** Opening RECORDED INFORMATION block **

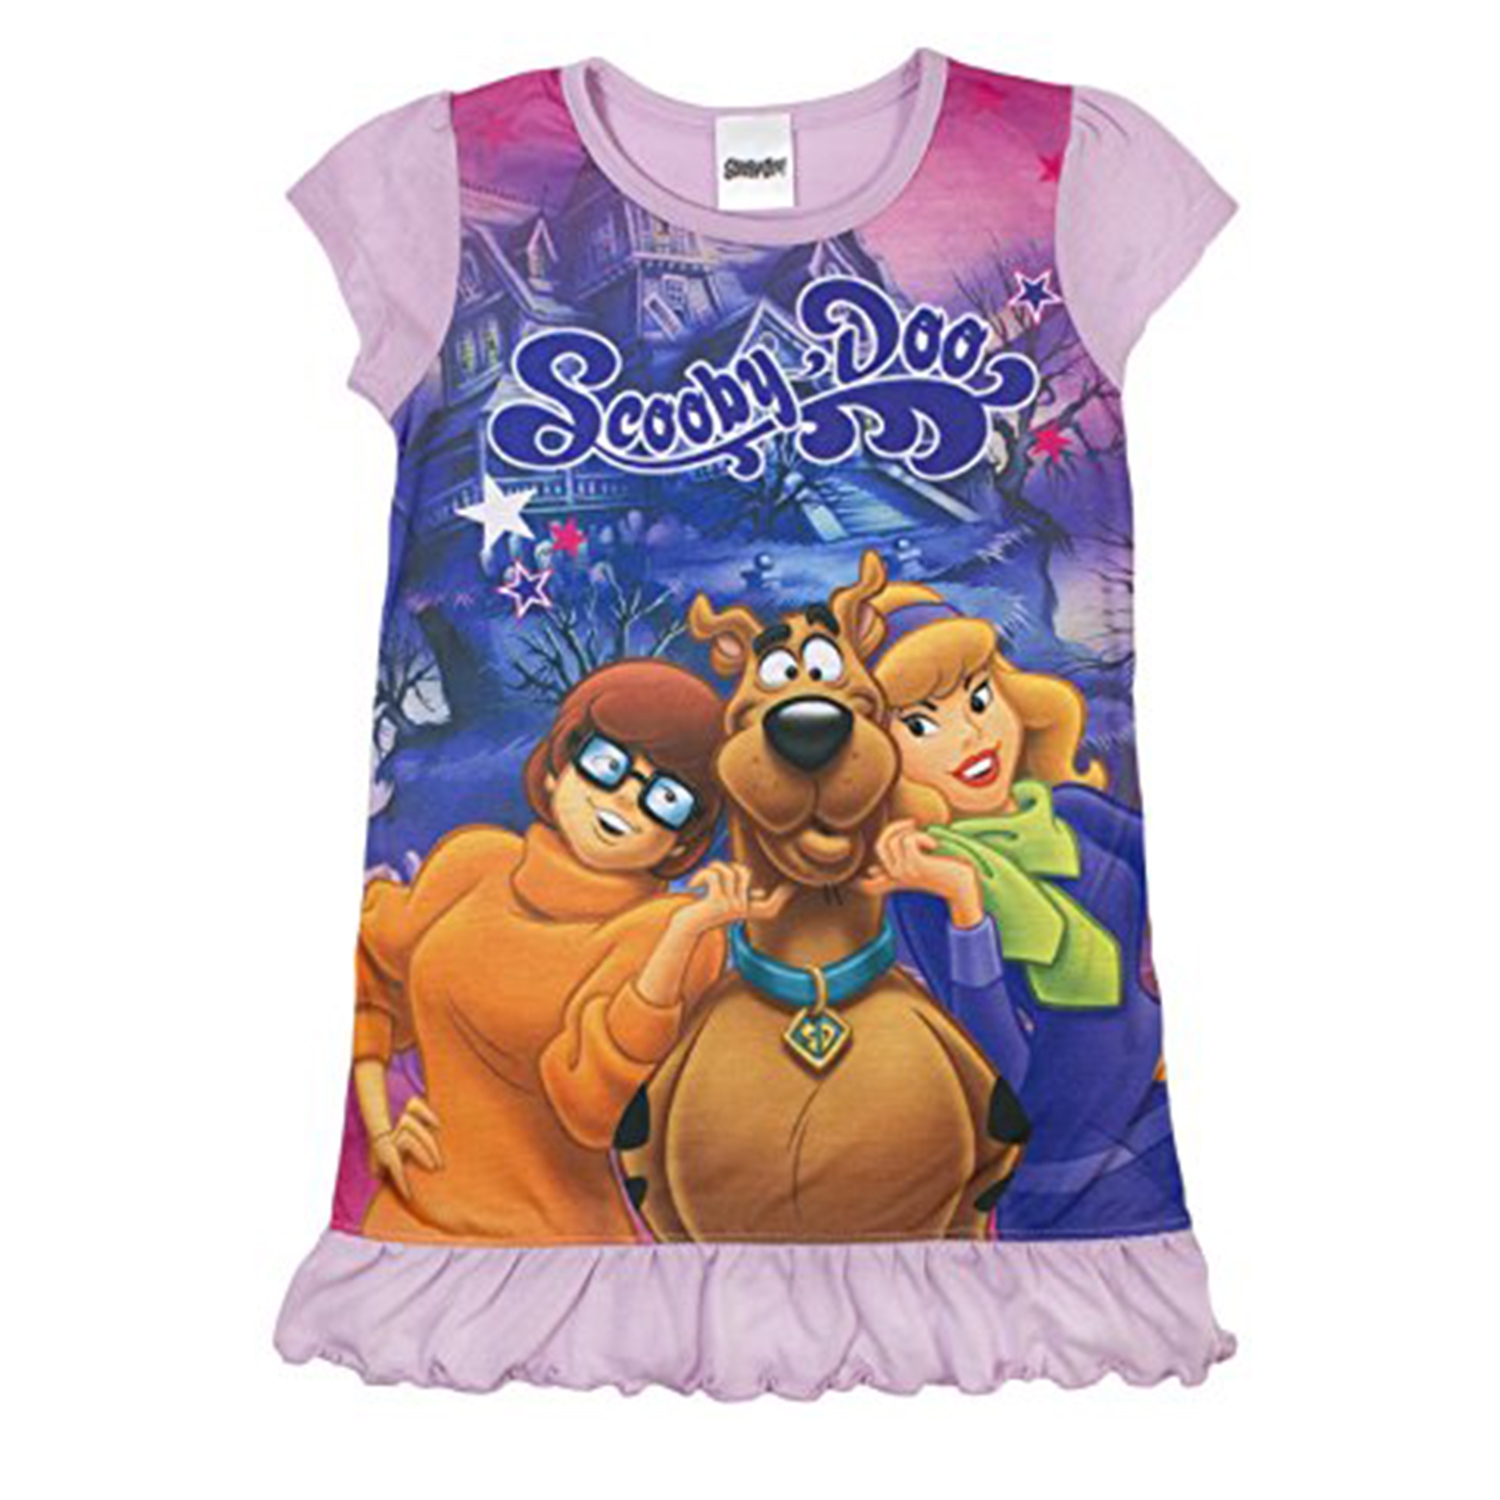 Scooby Doo 'Girls' Nightie 3 4 Years
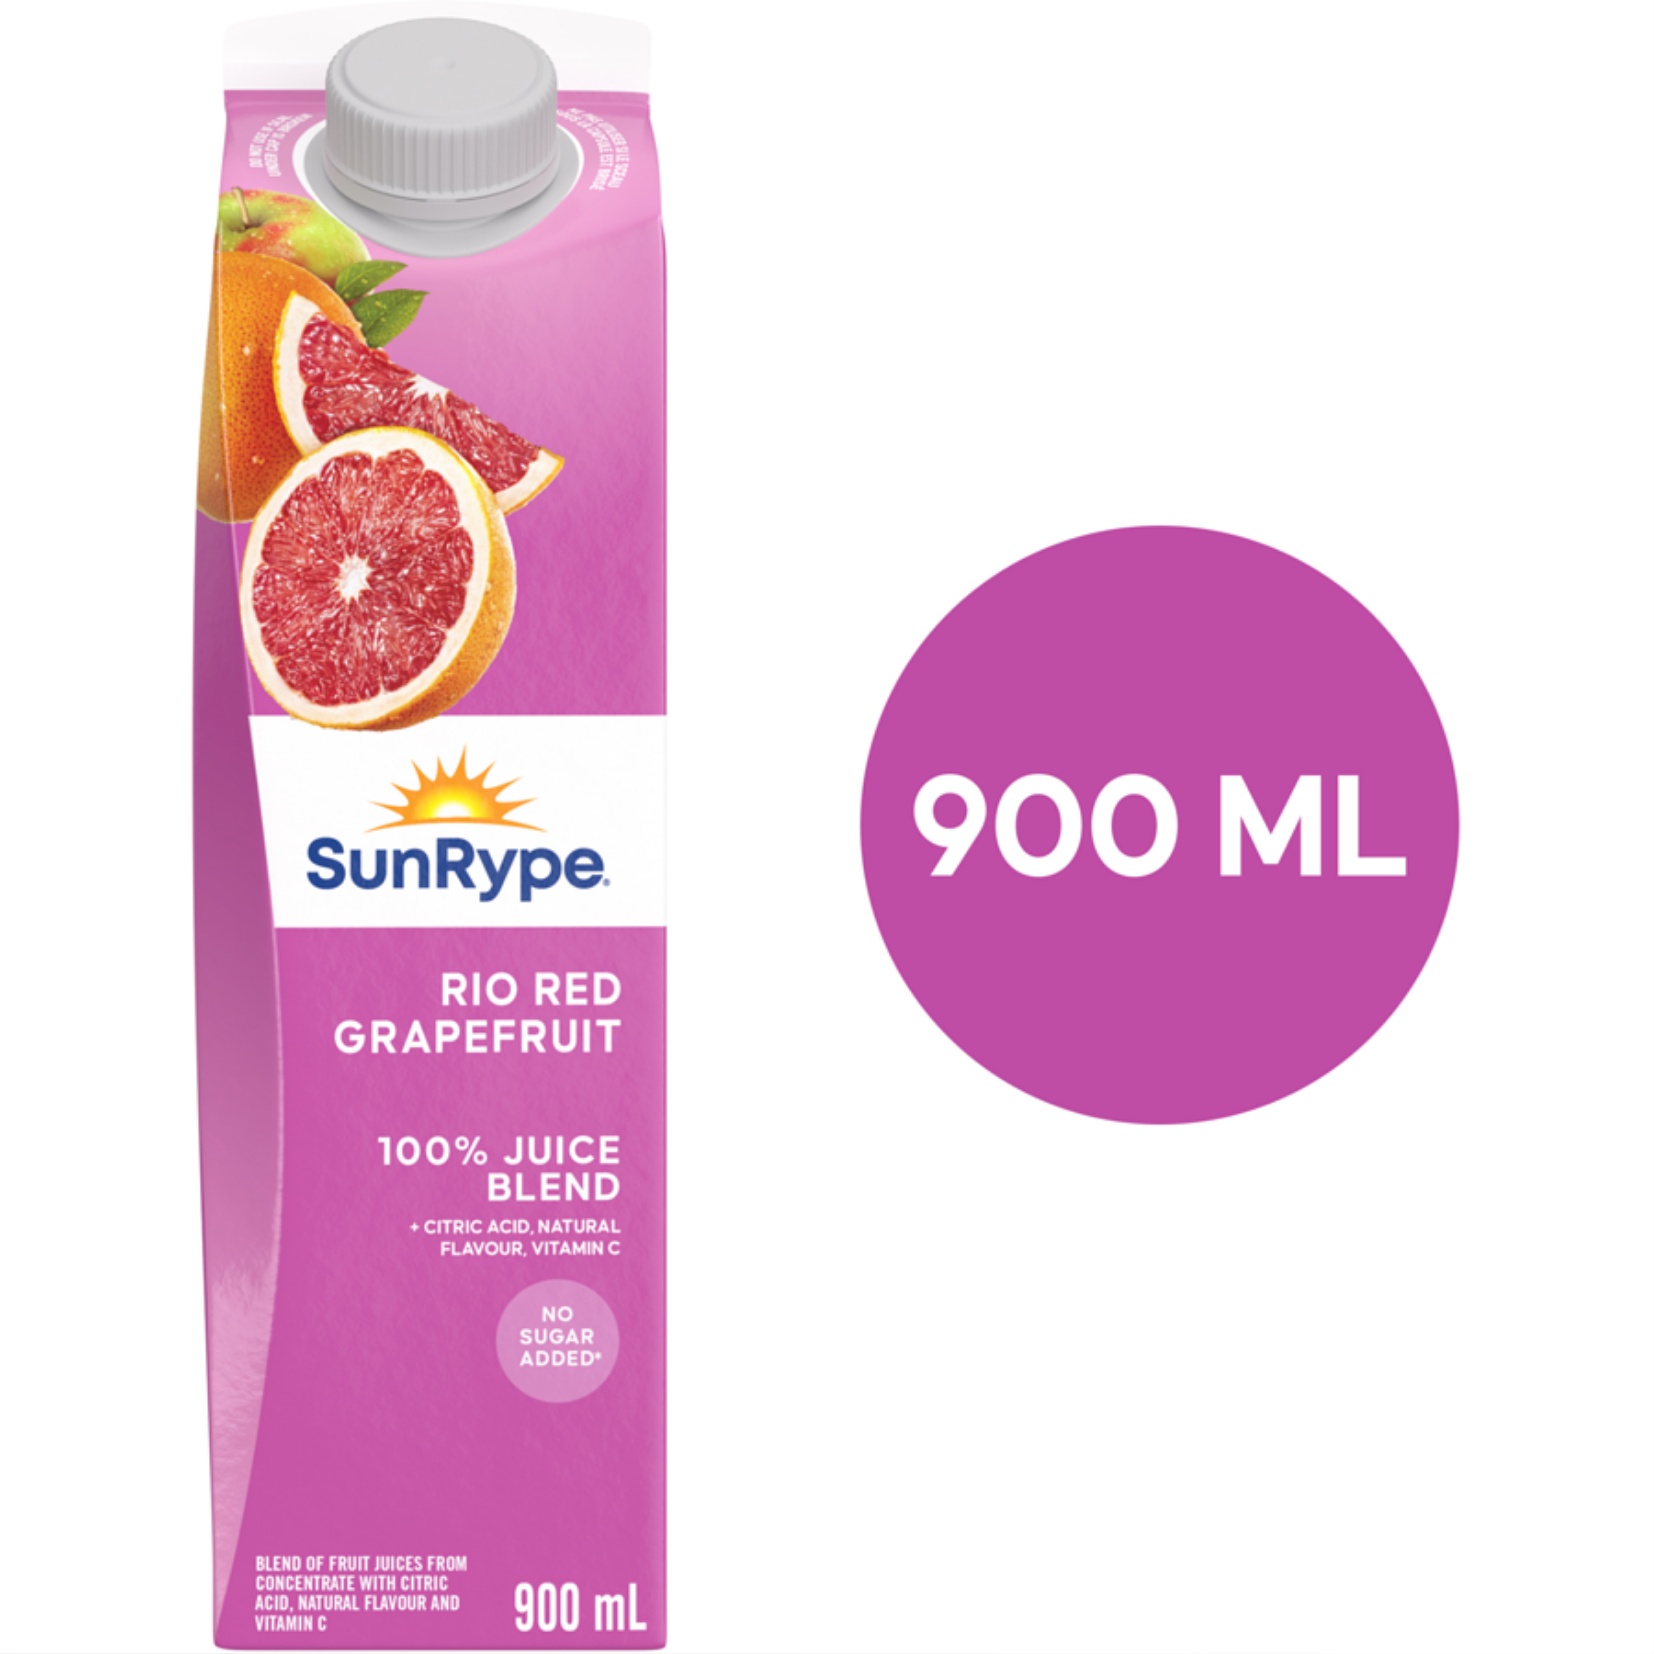 SunRype Rio Red Grapefruit Juice 900 ml
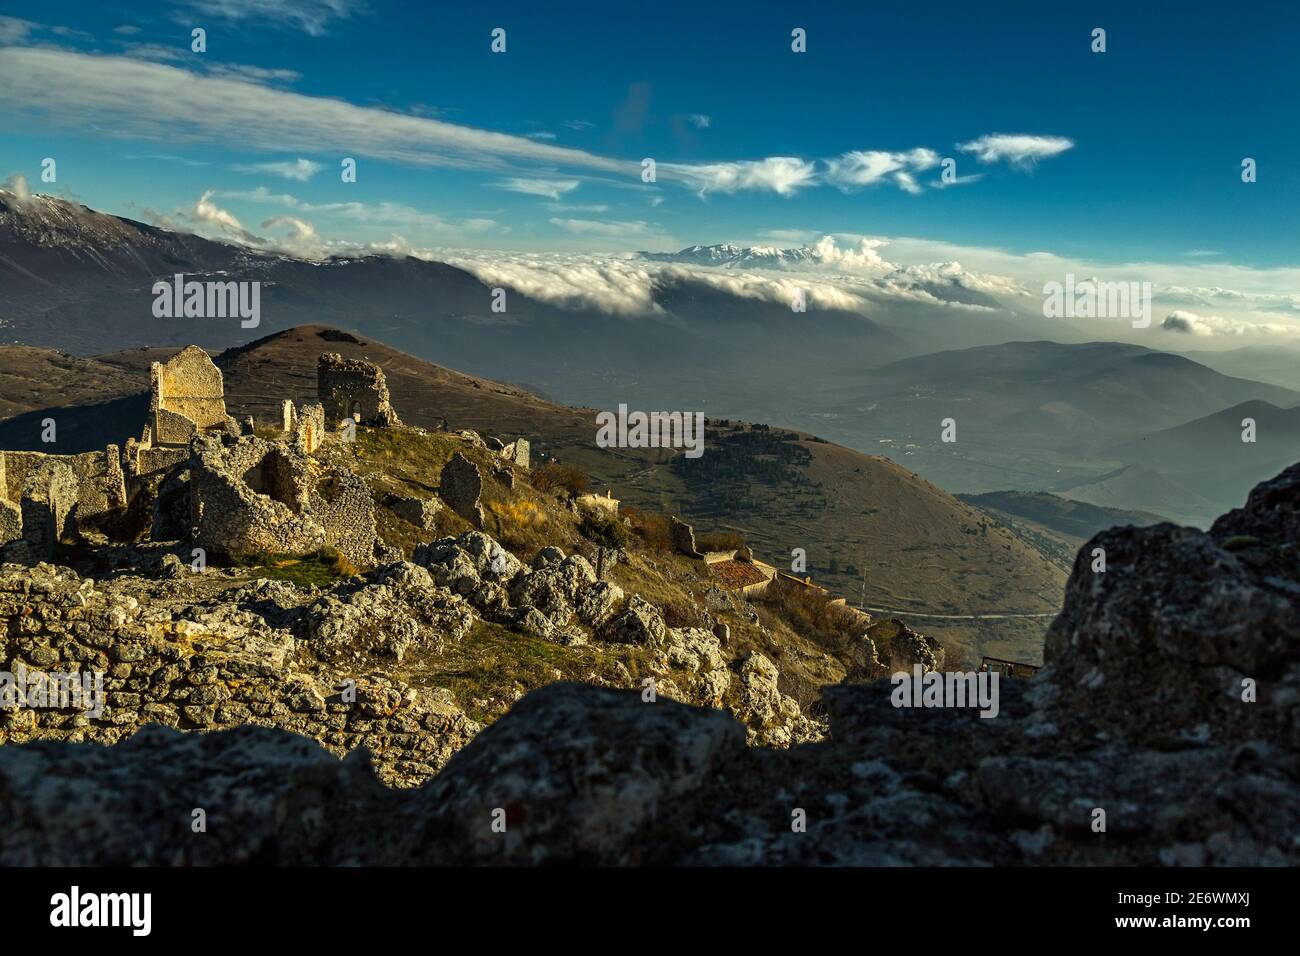 Les sommets enneigés de la chaîne de montagnes Maiella vus des ruines de l'ancien village de Rocca Calascio.Abruzzes, Italie Banque D'Images

** Closing RECORDED INFORMATION block **

### [ABOUT THIS EXERCISE]
The material above must be printed exactly, with its pictures left out.

### [FINISHED TASK]
 Scooby Doo 'Girls' Nightie 3 4 Years
 SunRype Rio Red Grapefruit Juice 900 ml
 Les sommets enneigés de la chaîne de montagnes Maiella vus des ruines de l'ancien village de Rocca Calascio.Abruzzes, Italie Banque D'Images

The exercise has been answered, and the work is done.